Set in the 1930s, Mongo Beti's The Poor Christ of Bomba (1956) recounts the story of Father Superior Drumont, a Catholic priest who has established his mission in Bomba, a parish outpost in the rainforest region of southern Cameroon. He is a "messenger" of Jesus Christ bringing the gospel to "heathens," but his understanding of Africans is myopically influenced by French imperialist indoctrination. His relationship with indigenous populations seems to be shaped by the master-slave paradigm, not the Christian gospel he proselytizes. Similar to the owners of Phillis Wheatley who imagined her enslavement, Christianization and education as functions of their altruism, Father Drumont sees his parishioners as beneficiaries of his beneficence.
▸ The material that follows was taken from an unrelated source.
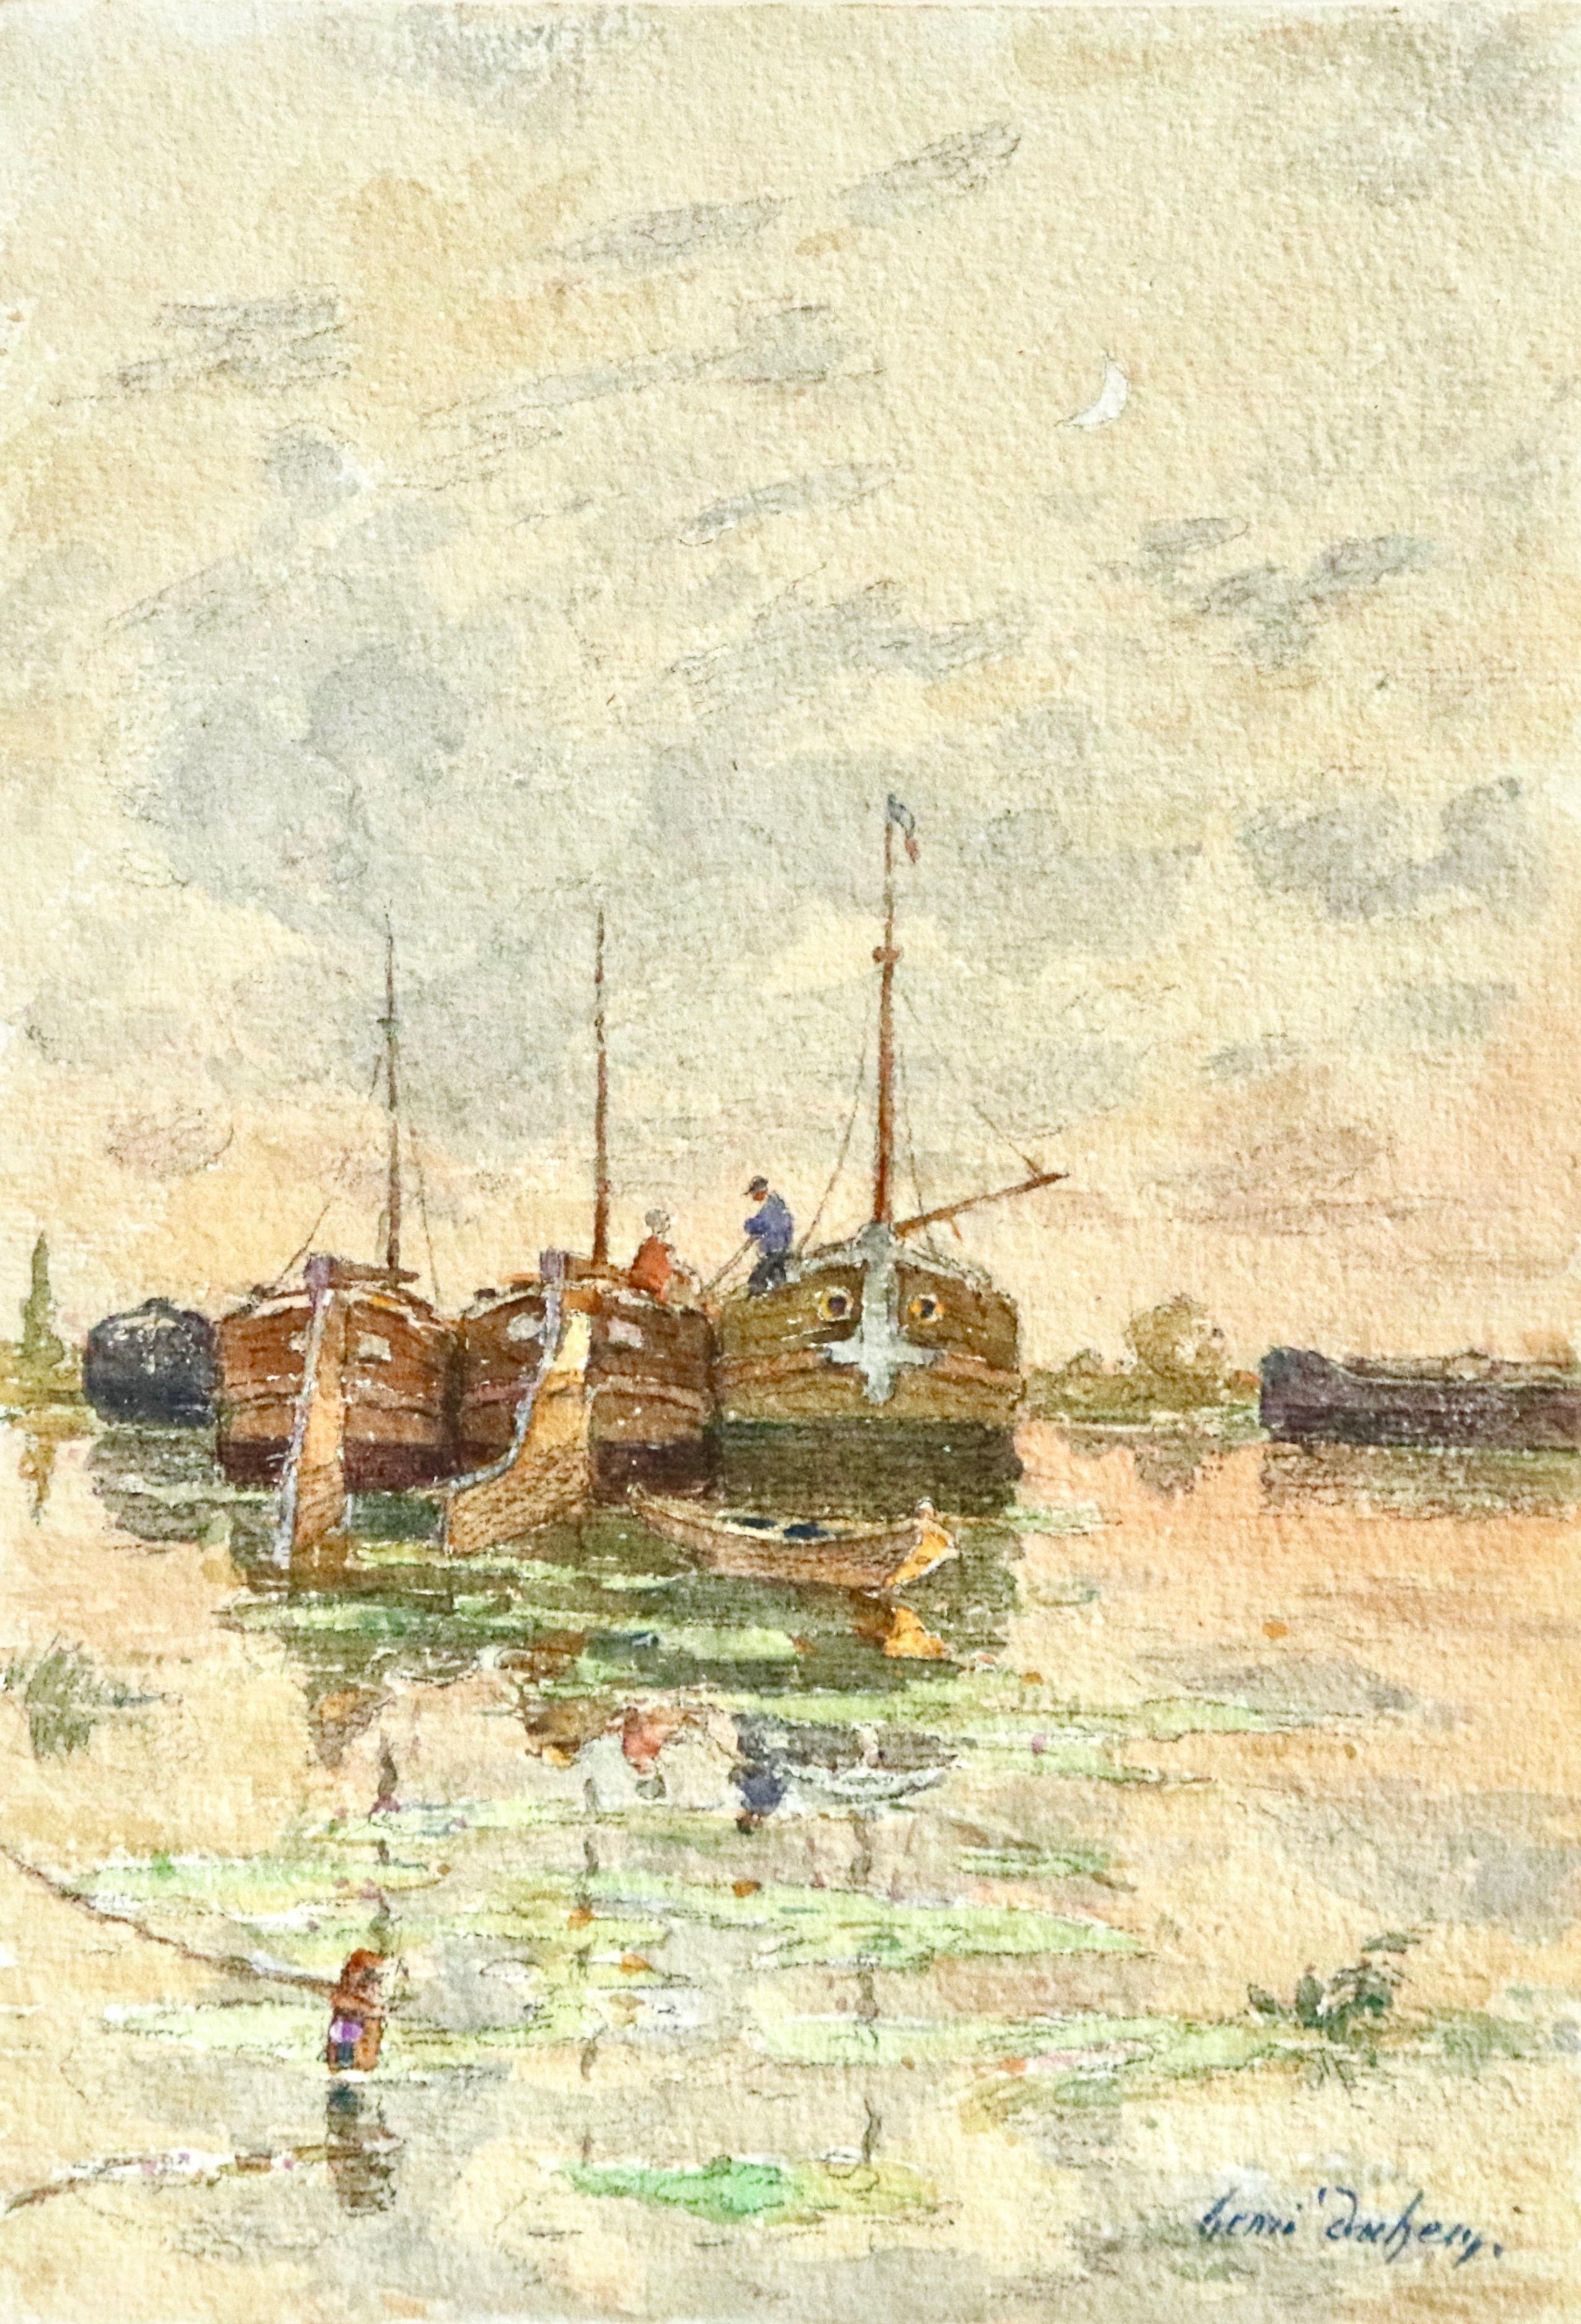 Aquarell auf Papier um 1910 von Henri Duhem mit Figuren auf Booten auf dem Fluss, deren Spiegelungen sich im Wasser spiegeln, und einer Mondsichel am Himmel. Signiert unten rechts. Dieses Gemälde ist derzeit nicht gerahmt, aber ein passender Rahmen

His projected generosity is personified in Denis, whom he takes in after his mother died. Denis' father, a catechist of Father Drumont, sends the thirteen-year youngster to serve as a page for the Bomba Mission priests. After two years, Denis has learned sufficient French language and "culture" to serve as a mass boy and run errands for the priests. He also tells us that he has grown to love Father Drumont even more than he does his own father. So, Denis is presented as Father Drumont's successful experiment or exercise in Christian conversion.

Denis has become a devout Christian who feeds on every word that proceeds from the mouth of Father Superior Drumont. He is a case in point that "proves" the efficacy of the mission civilisatrice. Denis loving Father Drumont more than he loves his own father is the model the French Empire is seeking to replicate, so Denis symbolizes the French imperialist strategy to brainwash colonized people enough so they will love French culture more than they do theirs. Similarly, Denis reminds us that he loves "their" Bomba Mission, and he uses the inclusive pronoun to signify his total conversion, not just to Catholicism but also to the culture of the colonizer. Imposing himself on his converts the same way as the French Empire runs the colonies, Father Drumont rules his parish with an iron fist. Known throughout the parish as Father Superior or Jesus Christ, his name and missionary philosophy suggest he is every bit an agent of French imperialism. Mongo Beti's ultimate goal, as is every African writer's in the 1950s, is for each reader (both Western and African) to have a shared connection with the victims. This is a technique slave narrators effectively use in calling attention to their plight. Like the slave narrators, the indigenous people depicted in The Poor Christ of Bomba do not deserve the toll of atrocities visited upon them by imperialism and this is the implied message.

Written in the form of a reflective journal narrated by Denis, the novel is a blend of parody and satire, in which narrated events are intermixed with interpolated reflections. The technique of narration is bidirectional, with causes and effects presented in circular fashion, leaving the reader to delineate and process the linkages. This style is effective as it allows the reader to do her or his own reflection about the role of the Church in the context of French imperialism in Cameroon. The narrator gives us a description of Father Drumont's Bomba Mission, a complex consisting of the sixa, a primary school, a church, and living quarters for the priests and their staff. The Bomba Mission also doubles as the seat of government for the six extended territories or tribes that make up Father Drumont's parish, a domain that may be seen as a microcosm of French imperial authority in colonial Cameroon. The school serves children from the region. Graduates from the school, who also are converted to Christianity, help expedite Father Drumont's Christian conversion project. This is evidence that the Bomba Mission School is fulfilling its function as mandated by France's mission civilisatrice, where students are educated to be used for the advancement of Empire.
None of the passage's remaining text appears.